Connection between the area of a n-sphere and the Riemann zeta function? The Riemann Xi-Function is defined as
$$
\xi(s) = \tfrac{1}{2} s(s-1) \pi^{-s/2} \Gamma\left(\tfrac{1}{2} s\right) \zeta(s)
$$
and it satisfies the reflection formula
$$
\xi(s) = \xi(1-s).
$$
But the area $A$ of a $s$-dimensional sphere is 
$$
A(s) = \frac{2 \pi^{s/2}}{\Gamma\left(\tfrac{1}{2} s\right)}
$$
so that we can write the Xi-Function like
$$
\xi(s) = s(s-1) \frac{\zeta(s)}{A(s)}.
$$
If we insert this into the reflection formula we get the following relation between the area of a n-sphere and the Riemann zeta function
$$
\frac{\zeta(s)}{\zeta(1-s)} = \frac{A(s)}{A(1-s)}
$$
Has this relation been noted in the literature? Why should there be such a connection between the area of a n-sphere and the zeta function? Can this relation be explained geometrically?
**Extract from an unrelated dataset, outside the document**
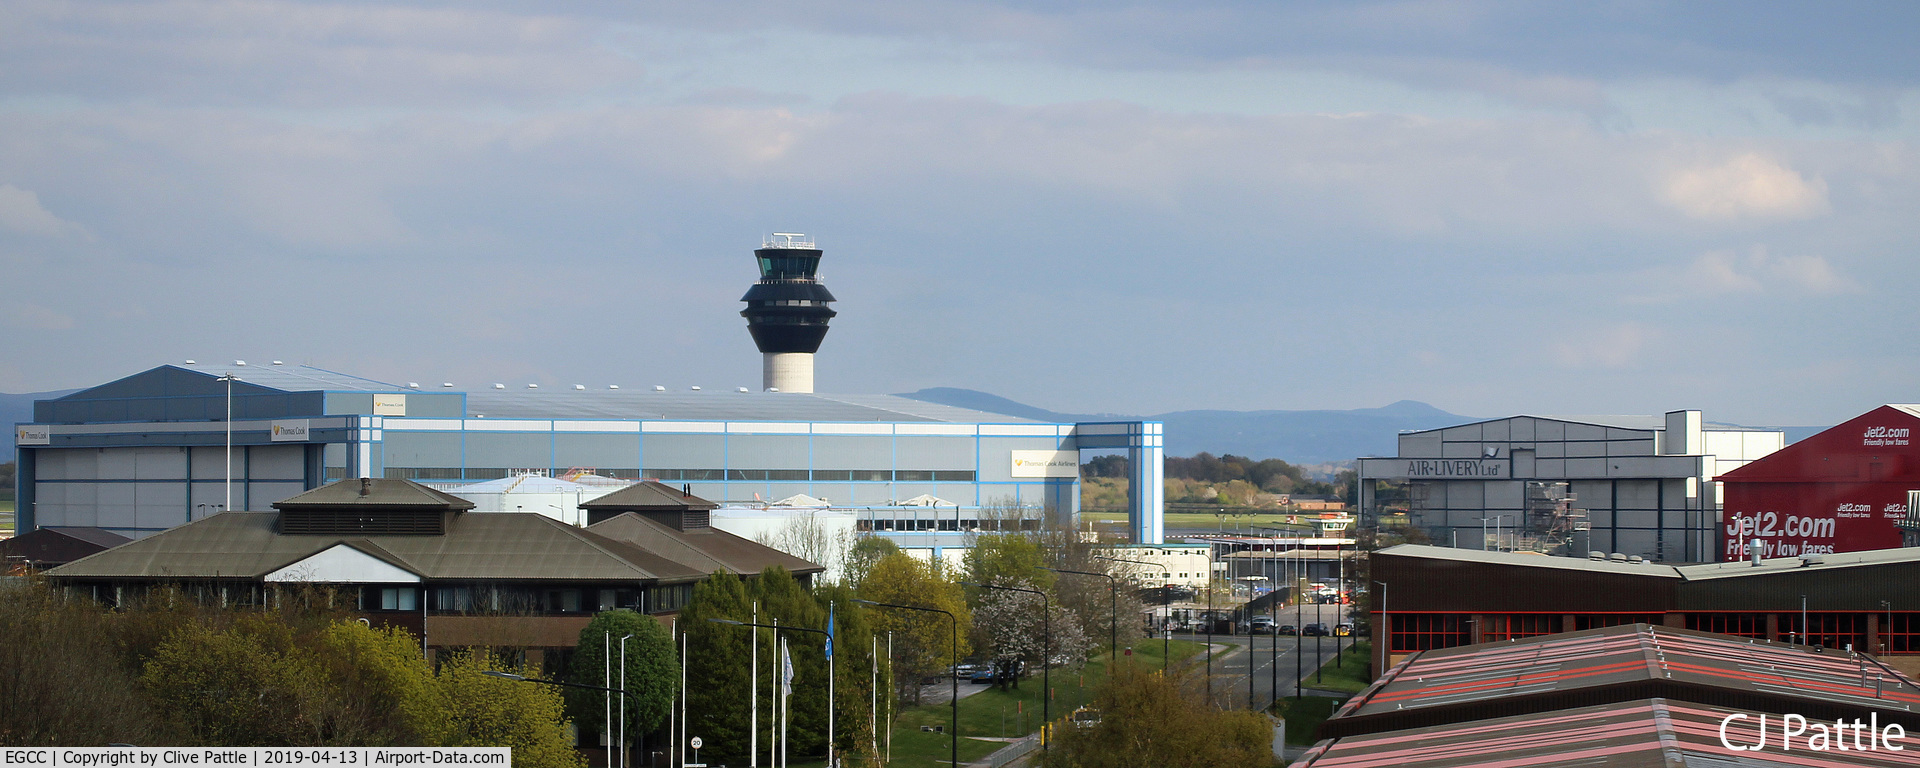 Manchester Airport, Manchester, England United Kingdom (EGCC) - Manchester view

UPDATE: I agree with the comments that negative dimensional spheres are difficult to interpret geometrically. However if we insert the formula for the area $A$ into Eulers reflection formula
$$
\Gamma(z)\Gamma(1-z)= \frac{\pi}{\sin(\pi z)}
$$
we get
$$
A(1-s) = \frac{4\sin\left(\pi \frac{s+1}{2}\right)}{A(s+1)}
$$
Inserting this into our relation with the Riemann zeta function yields
$$
\frac{\zeta(s)}{\zeta(1-s)} = \frac{A(s)A(s+1)}{4\sin\left(\pi \frac{s+1}{2}\right)}
$$
which avoids the negative dimensions for $s>0$. Can this formula be interpreted geometrically?
 A: The relation $$\frac{\zeta(s)}{A(s)}=\frac{\zeta(1-s)}{A(1-s)}$$ stems from the fact that $$\frac{\zeta(s)}{A(s)}=\frac{1}{2}\mathcal{M}\left(\psi\right)\left(\frac{s}{2}\right),$$ where $\mathcal{M}$ denotes the Mellin transform and $$\psi(x)=\sum_{n=1}^\infty e^{-\pi n^2 x}.$$ This function is symmetric due to the functional equation for $\psi(x)$, and that yields the functional equation for the zeta function. The reason for the connection to the surface area appears in my previous answer https://math.stackexchange.com/a/1494471/6075, which provides a geometric explanation for integer dimensions - the case where we can actually interpret the surface area. In that answer, I showed that the factor of $A(s)$ appears due to the spherical symmetry of a naturally arising $s$-dimensional integral expression for $\zeta(s)$.
Remark 1: This gives an excellent way to remember the precise form of the functional equation!
Remark 2: Note that the surface area here, $A(s)$, corresponds to the $s-1$-dimensional sphere, that is the surface of the $s$-dimensional ball, whereas in the linked answer, $A_{k-1}$ is the surface area of the $k-1$-dimensional sphere, that is the surface of the $k$ dimensional ball.